多目标跟踪之LightTrack

论文:LightTrack: A Generic Framework for Online Top-Down Human Pose Tracking

Github: https://github.com/Guanghan/lighttrack

 

京东的一篇cvpr2019

 

论文提出了轻量级的多目标跟踪框架LightTrack。包含YOLOV3的目标检测,基于CPN_res101,MSRA152,mobile_deconv这3个网络种任意一个的关键点检测,基于SGCN的人体姿势匹配。整体结构是一种自上而下的结构。

 

主要贡献:

  1. 提出了一个通用的基于自上而下的骨架跟踪框架。
  2. 提出了SGCN作为一个REID模块进行姿势跟踪。
  3. 根据各种不同的设置进行了大量的实验。

 

整体流程:

多目标跟踪之LightTrack_第1张图片

跟踪过程分为主要帧和次要帧。每隔10帧或者目标跟踪丢失的帧算一个主要帧。

在主要帧中,首先使用YOLOv3进行检测,对检测到的目标进行两边20%的放大。再使用关键点检测模型mobile_deconv获得15个或者17个人体关键点。跟踪匹配过程同时考虑了空间相关性(spatial consistency)和姿势相关性(pose consistency)。然后首先使用IOU进行ID的匹配,如果没有匹配上的返回-1,再使用关键点的特征进行匹配。如果还是没有匹配上,就将该目标的ID+1,作为一个新的目标。

在次要帧中,只通过关键点进行下一帧的关键点预测,具体首先通过之前帧的关键点得到框。然后使用该得到的框进行关键点的预测,会得到预测的结果和得分。最后通过关键点的预测的得分是否小于规定阈值(0.6),来判断目标是否跟踪丢失,如果一直跟踪的,就在图像上画出跟踪的信息,如果跟踪丢失了,就不在图像上画框了。

整体来看,框检测过程只有关键帧才有,关键点检测所有帧都有,SGCN识别过程也只有关键帧才有。

 

HPE(Human Pose Estimation):

姿态关键点检测部分,作者尝试了CPN_res101,MSRA152,mobile_deconv共3种网络结构。

mobile_deconv的结构:

多目标跟踪之LightTrack_第2张图片

 

Top-Down Pose Tracking Framework

需要重新跟新识别ID的情况:

  1. 之前视频中的人消失,或者遮挡
  2. 新的候选人出现,或者之前视频中消失的人重新出现
  3. 人走路的时候相互遮挡,被当成了1个人
  4. 摄像头的抖动或者变焦导致跟踪失败

多目标跟踪之LightTrack_第3张图片

SGCN(Siamese Graph Convolution Network):

优势:

  1. SGCN提取的特征具有人体姿势的相关性,并且具备可解释性。
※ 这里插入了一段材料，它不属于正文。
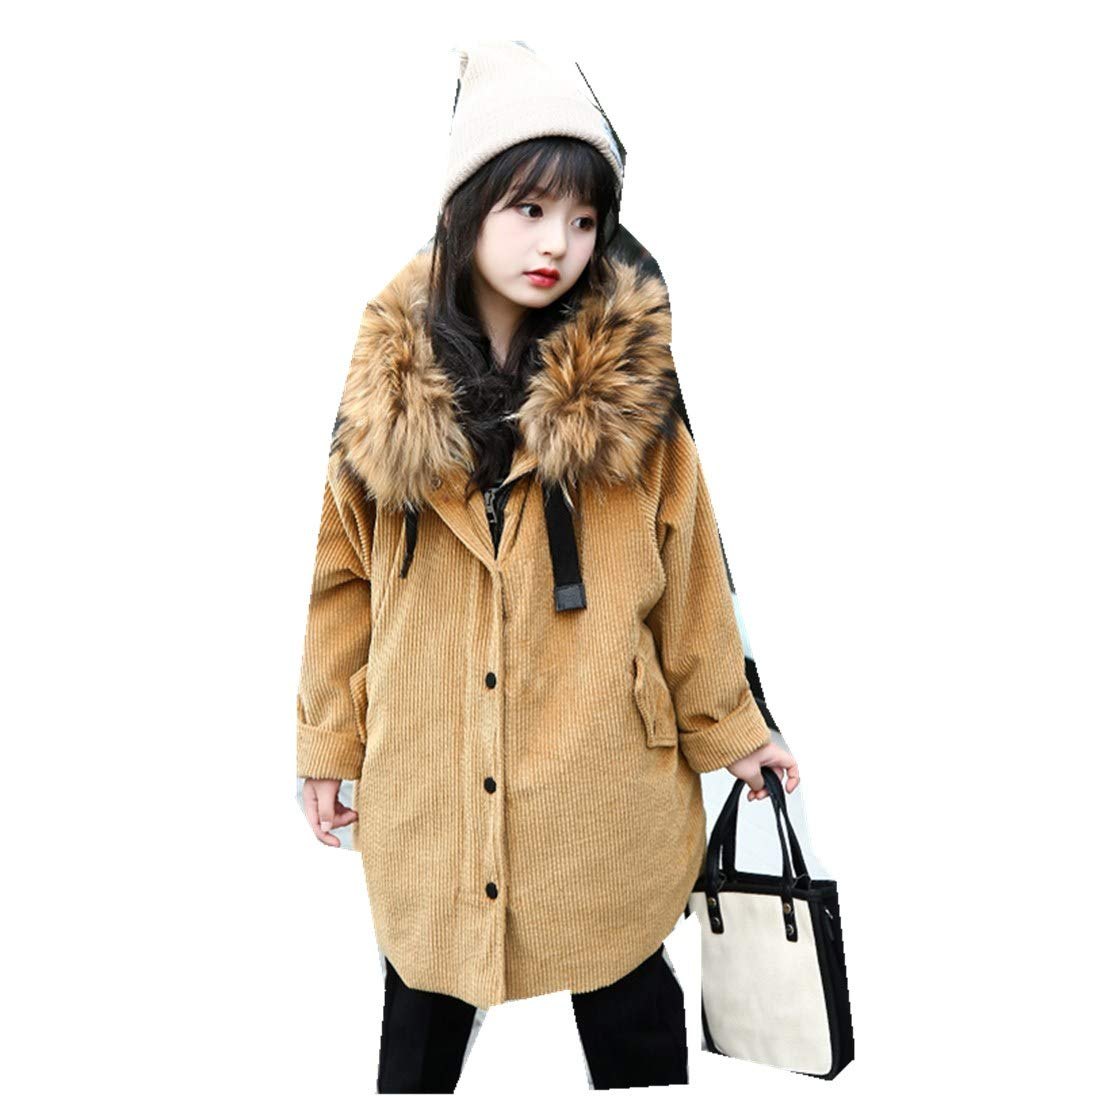 MV Girls Cotton New Thick Winter Long Cotton Suit Childrens Coat Kids Clothing

并且在边界框有很强的关系,对边界框有直接的强制约束。
  2. 通过使用人体关键点可以更好的进行跟踪,得到ROI区域。
  3. 保证了候选区域之间的区分度,可以使用姿势特征做基于骨架的姿势匹配。

多目标跟踪之LightTrack_第4张图片

网络结构代码,

class Model(nn.Module):
    r"""Siamese graph convolutional networks

    Args:
        in_channels (int): Number of channels in the input data
        num_class (int): Number of classes for the classification task
        graph_args (dict): The arguments for building the graph
        edge_importance_weighting (bool): If ``True``, adds a learnable
            importance weighting to the edges of the graph
        **kwargs (optional): Other parameters for graph convolution units

    Shape:
        - Input: :math:`(N, in_channels, T_{in}, V_{in}, M_{in})`
        - Output: :math:`(N, num_class)` where
            :math:`N` is a batch size,
            :math:`T_{in}` is a length of input sequence,
            :math:`V_{in}` is the number of graph nodes,
            :math:`M_{in}` is the number of instance in a frame.
    """

    def __init__(self, in_channels, num_class, graph_args,
                 edge_importance_weighting, **kwargs):
        super().__init__()

        # load graph
        self.graph = Graph(**graph_args)
        A = torch.tensor(self.graph.A, dtype=torch.float32, requires_grad=False)
        self.register_buffer('A', A)

        # build networks
        spatial_kernel_size = A.size(0)
        temporal_kernel_size = 1
        kernel_size = (temporal_kernel_size, spatial_kernel_size)
        self.data_bn = nn.BatchNorm1d(in_channels * A.size(1))
        self.st_gcn_networks = nn.ModuleList((
            st_gcn(in_channels, 64, kernel_size, 1, residual=False, **kwargs),
            st_gcn(64, 64, kernel_size, 1, **kwargs),
        ))
        '''
        st_gcn(64, 64, kernel_size, 1, **kwargs),
        st_gcn(64, 128, kernel_size, 2, **kwargs),
        st_gcn(128, 128, kernel_size, 1, **kwargs),
        st_gcn(128, 128, kernel_size, 1, **kwargs),
        st_gcn(128, 256, kernel_size, 2, **kwargs),
        st_gcn(256, 256, kernel_size, 1, **kwargs),
        st_gcn(256, 512, kernel_size, 1, **kwargs),
        '''

        # initialize parameters for edge importance weighting
        if edge_importance_weighting:
            self.edge_importance = nn.ParameterList([
                nn.Parameter(torch.ones(self.A.size()))
                for i in self.st_gcn_networks
            ])
        else:
            self.edge_importance = [1] * len(self.st_gcn_networks)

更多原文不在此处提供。